Introduction of Minimally Invasive Esophagectomy in a Community Teaching Hospital.

BACKGROUND AND OBJECTIVES: The safety of minimally invasive esophagectomy (MIE) outside of high-volume centers has not been studied. Therefore, we evaluated our experience with the introduction of MIE in the setting of a community teaching hospital.
METHODS: A retrospective cohort of all elective esophagectomy patients treated in a community hospital from 2008 through 2015 was evaluated (n = 57; open = 31 vs MIE = 26). Clavien-Dindo complication grades were recorded prospectively.
RESULTS: Mean age was 63 ± 11 years (range, 30-83), mean Charlson comorbidity index was 4.5 ± 1.7 and proportion of ASA score ≥3 was 87%. The groups did not differ in age, gender distribution, or comorbidity indices. There were 108 complications observed, including 2 deaths (3.5%, both coronary events). Postoperative complication rate was 77.1% and serious complication rate (grades 3 and 4) was 50.8% in the entire cohort. The rate of serious complications was similar (58% for open vs 42% for MIE group; 2-sided P = .089). MIE operations were longer (342 ± 109 vs 425 ± 74 minutes; P = .001). Length of stay trended toward not being significantly shorter among MIE cases (15 ± 13 vs 12 ± 12 days; P = .071). Logistic regression models including MIE status were not predictive of complications.
CONCLUSIONS: Introduction of MIE esophagectomy in our community hospital was associated with prolonged operative time, but no detectable adverse outcomes. Length of stay was nonsignificantly shortened by the use of MIS esophagectomy.

INTRODUCTION

Adoption of minimally invasive esophagectomy (MIE) remains constrained, even some 20 years after its initial report.[1] The hesitancy to use the method is likely relative to operative complexity and perhaps oncological efficacy concerns when compared to the traditional open esophagectomy (OE).[2-7]

Earlier randomized studies demonstrated decreased perioperative morbidity among patients randomized into MIE or hybrid MIE (laparoscopy+thoracotomy), as compared to those with OE.[8,9] Because of its demonstrated decreased morbidity while preserving oncological adequacy,[5] MIE remains an enticing option, and it is increasingly accepted as standard of care,[10] along with OE.

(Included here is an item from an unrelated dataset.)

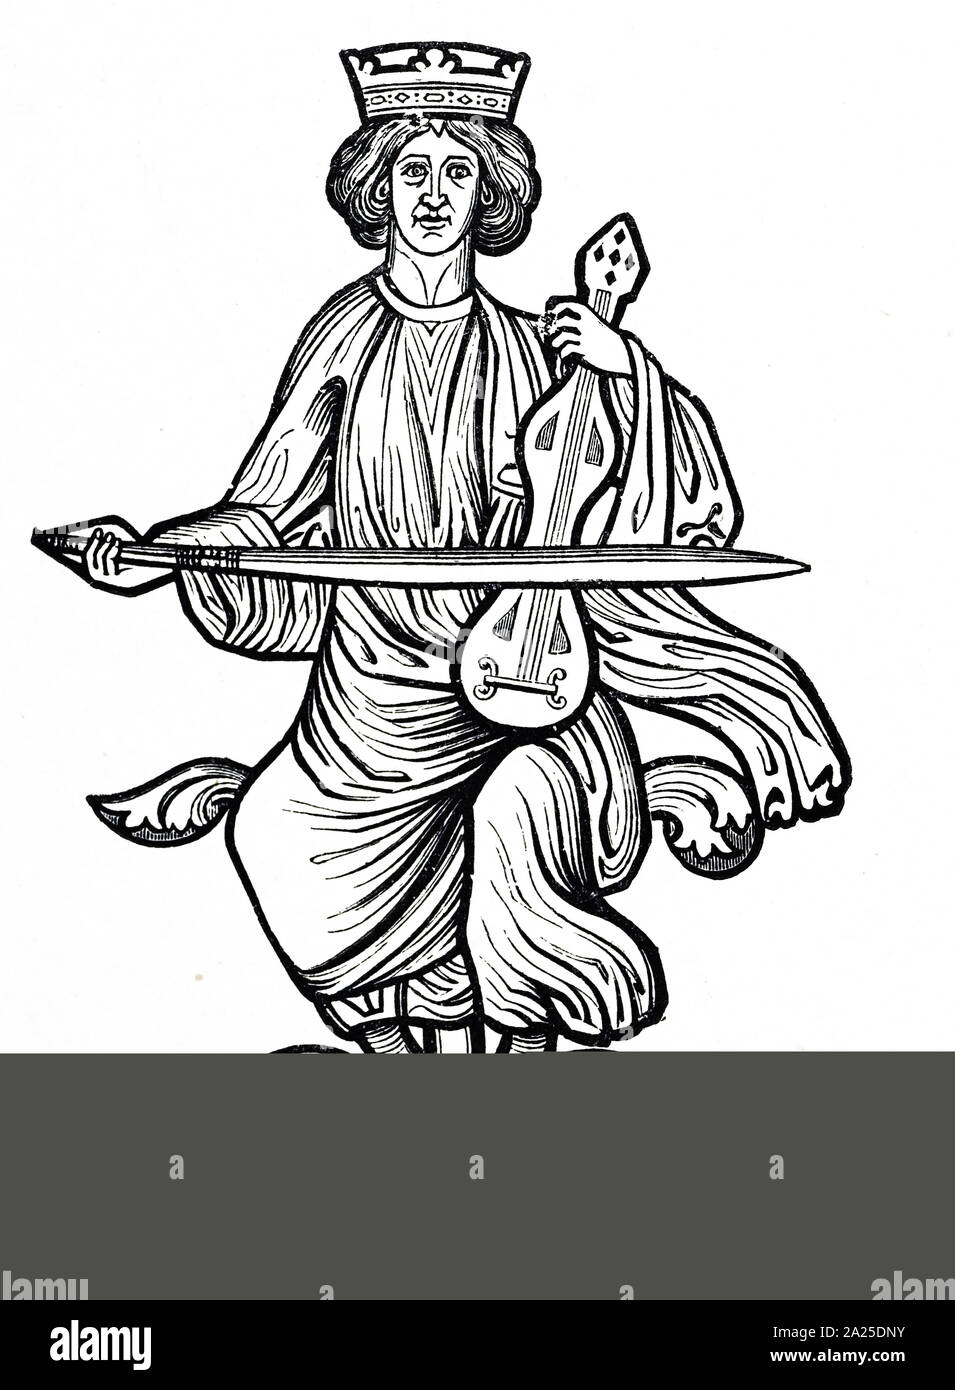 Grabado xilografía representando el Rey David mostrado jugando una rote, medieval, un instrumento de cuerda. Grabado después de detalle en una ventana del siglo 13. Fecha del siglo XIX Foto de stock

All evaluations of MIE to date are reported out of the high-volume tertiary centers with highly specialized multidisciplinary teams.[3,4,9,11,12] A parallel trend for esophageal surgery centralization[13] is noted, although opinions against such centralization have been expressed.[14] In our view, geographical, economic, insurance network restrictions, and the logistic realities of the United States remain significant barriers to such full centralization, and, thus, the means to deliver high-quality care closer to patients' homes must be pursued. Meanwhile, evidence supporting the safety of the esophagectomies being performed in selected low-volume institutions is available.[15,16]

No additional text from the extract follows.